REQUIRED WORK
Exactly the lines from the one with "I’m the White Pig Nobleman 第16.1話 - Page 3" through the end of the data below must be set down, and no pictures with them.

INFORMATION PROVIDED
++++++
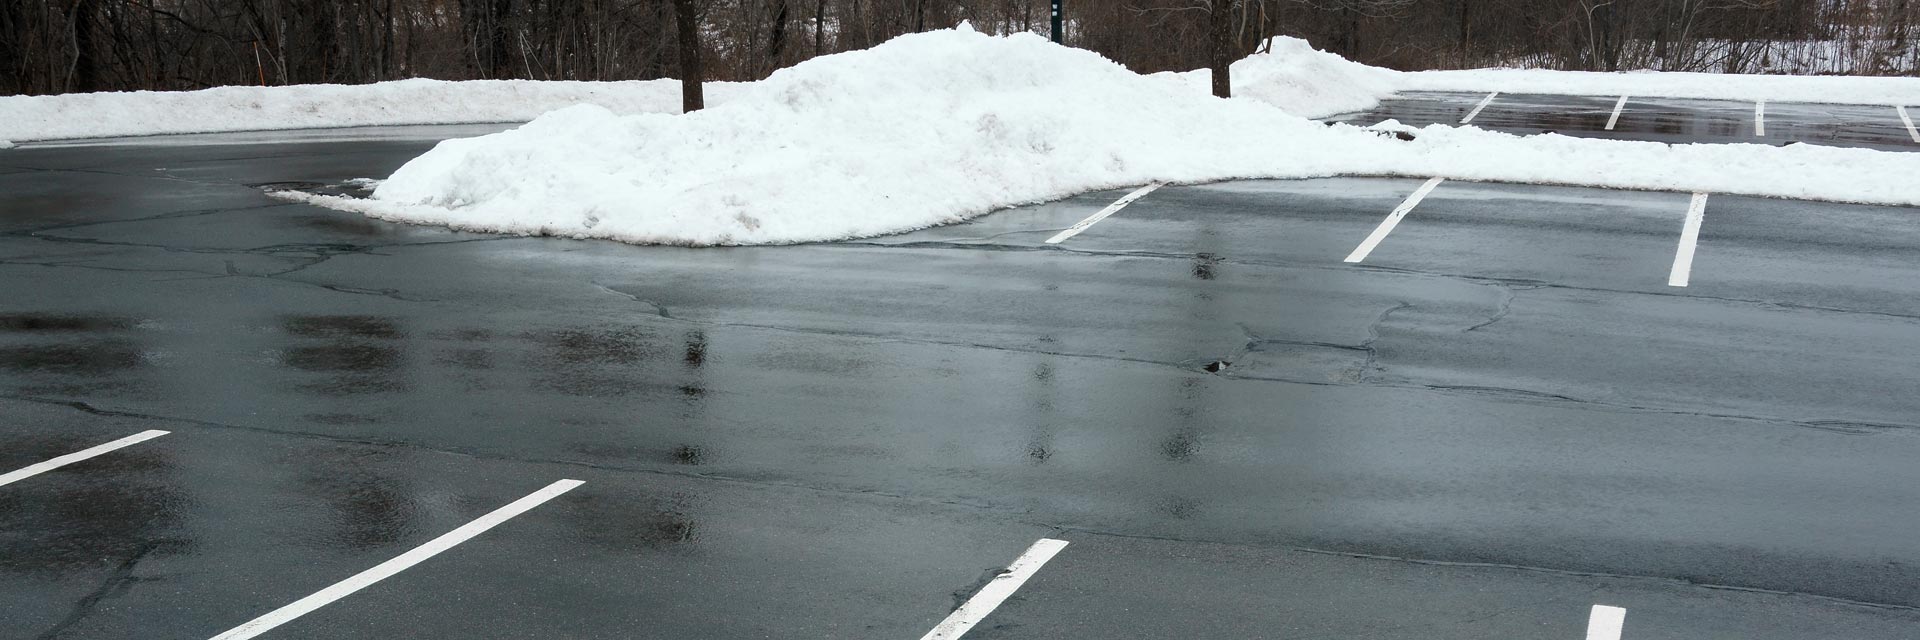 Empty Parking Lot With Snow Removed
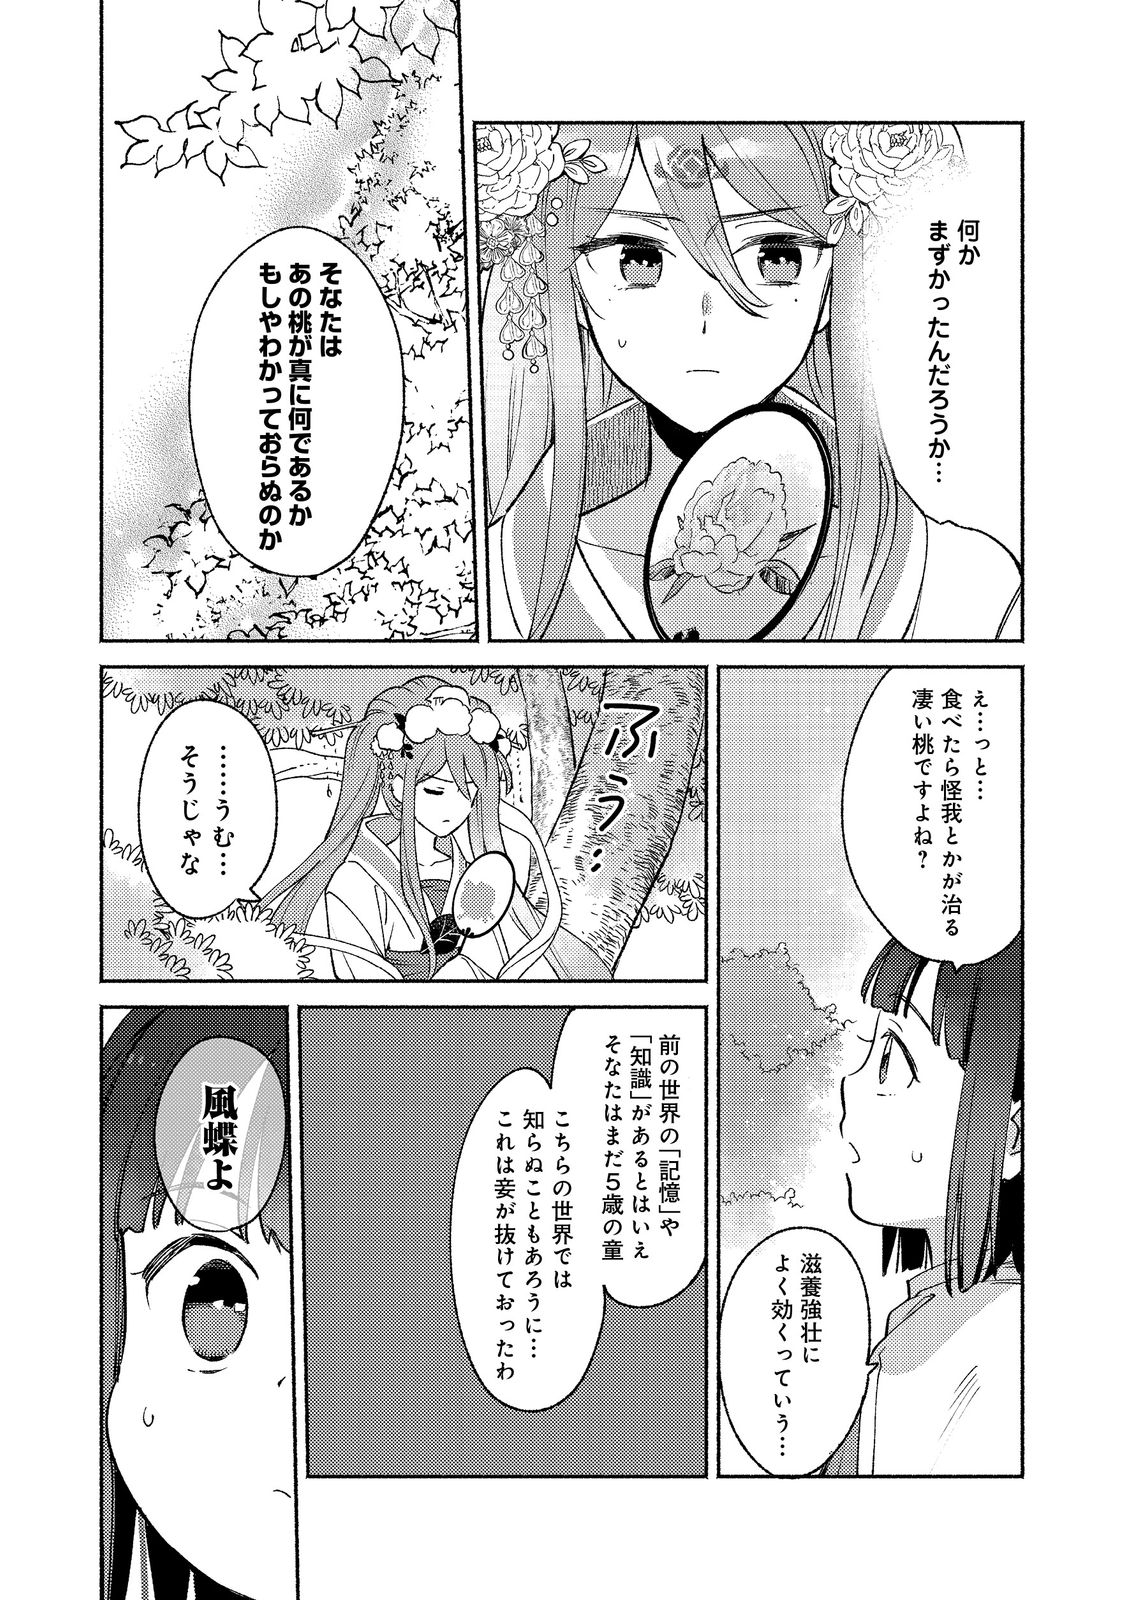 I’m the White Pig Nobleman 第16.1話 - Page 3
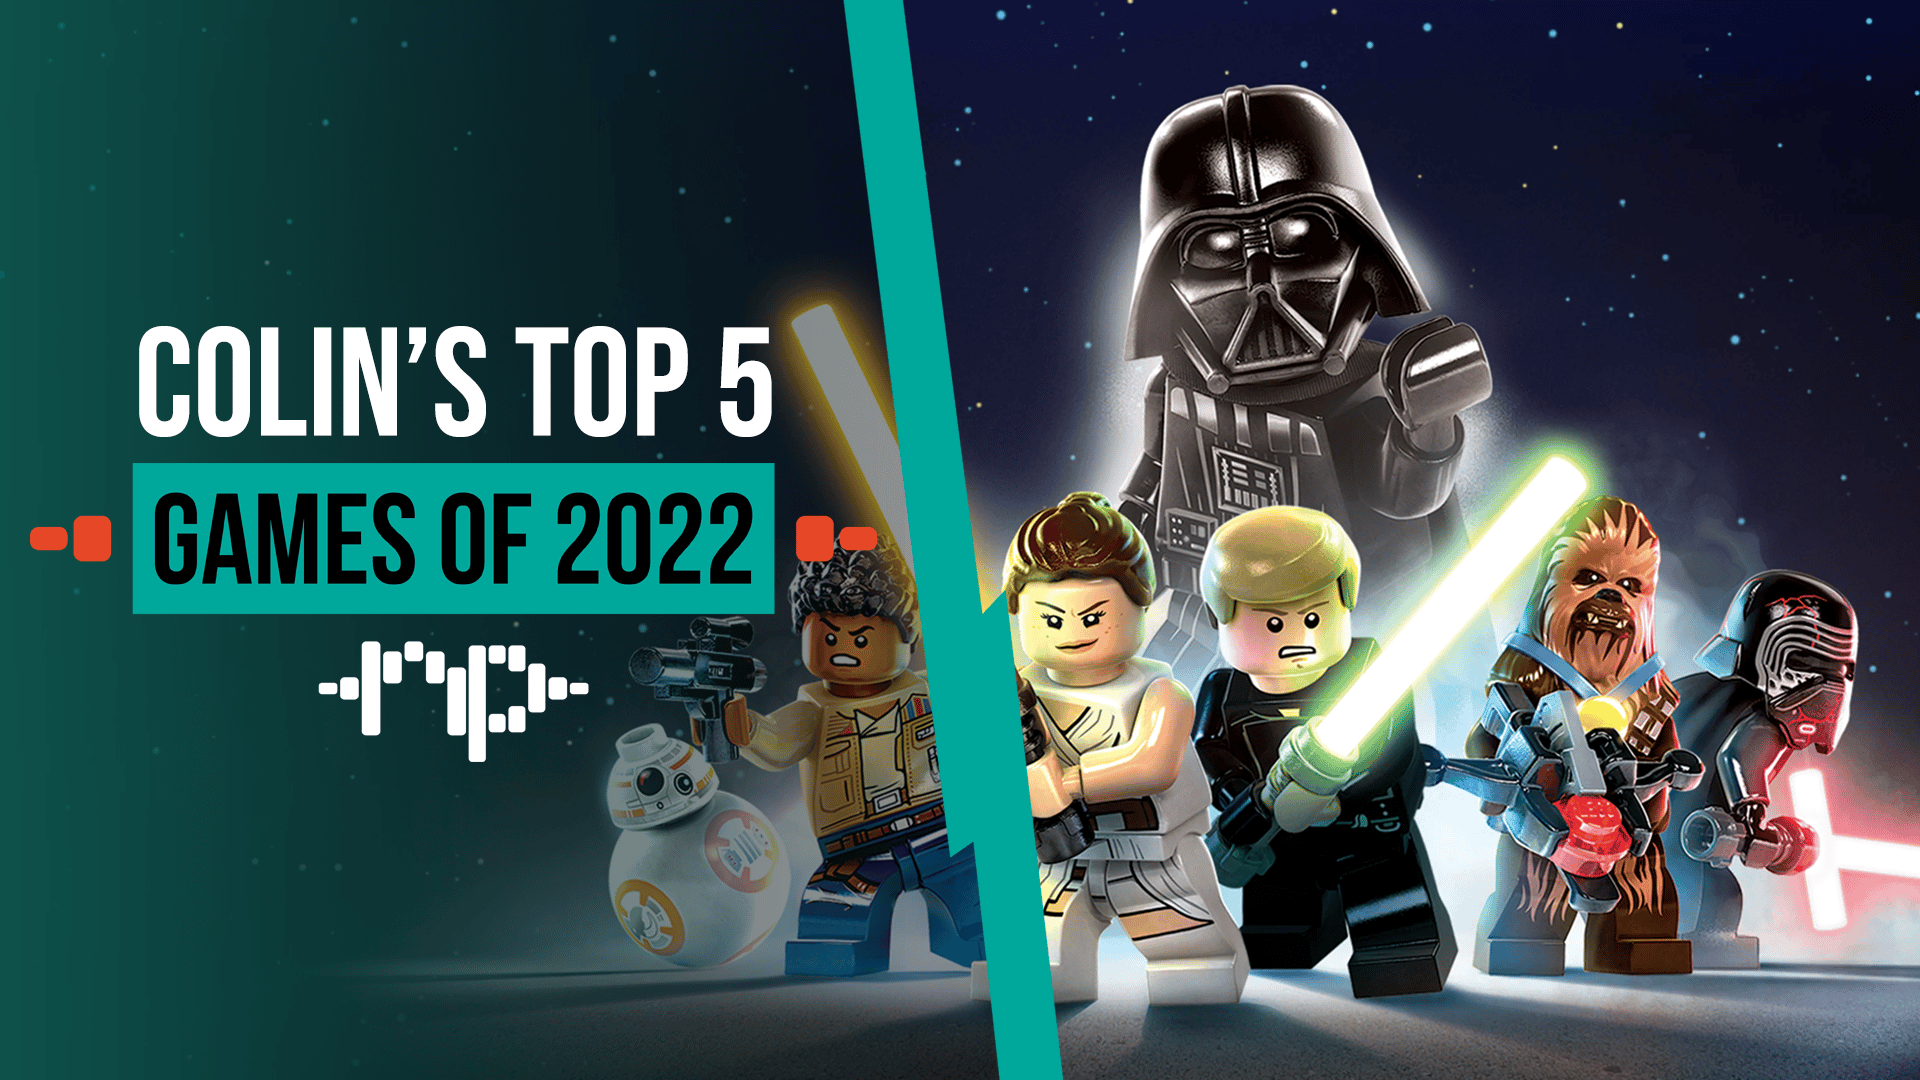 Best Games of 2022: Colin’s Top 5 Games of 2022
++++++
PROBLEM SOLUTION
 I’m the White Pig Nobleman 第16.1話 - Page 3
 Best Games of 2022: Colin’s Top 5 Games of 2022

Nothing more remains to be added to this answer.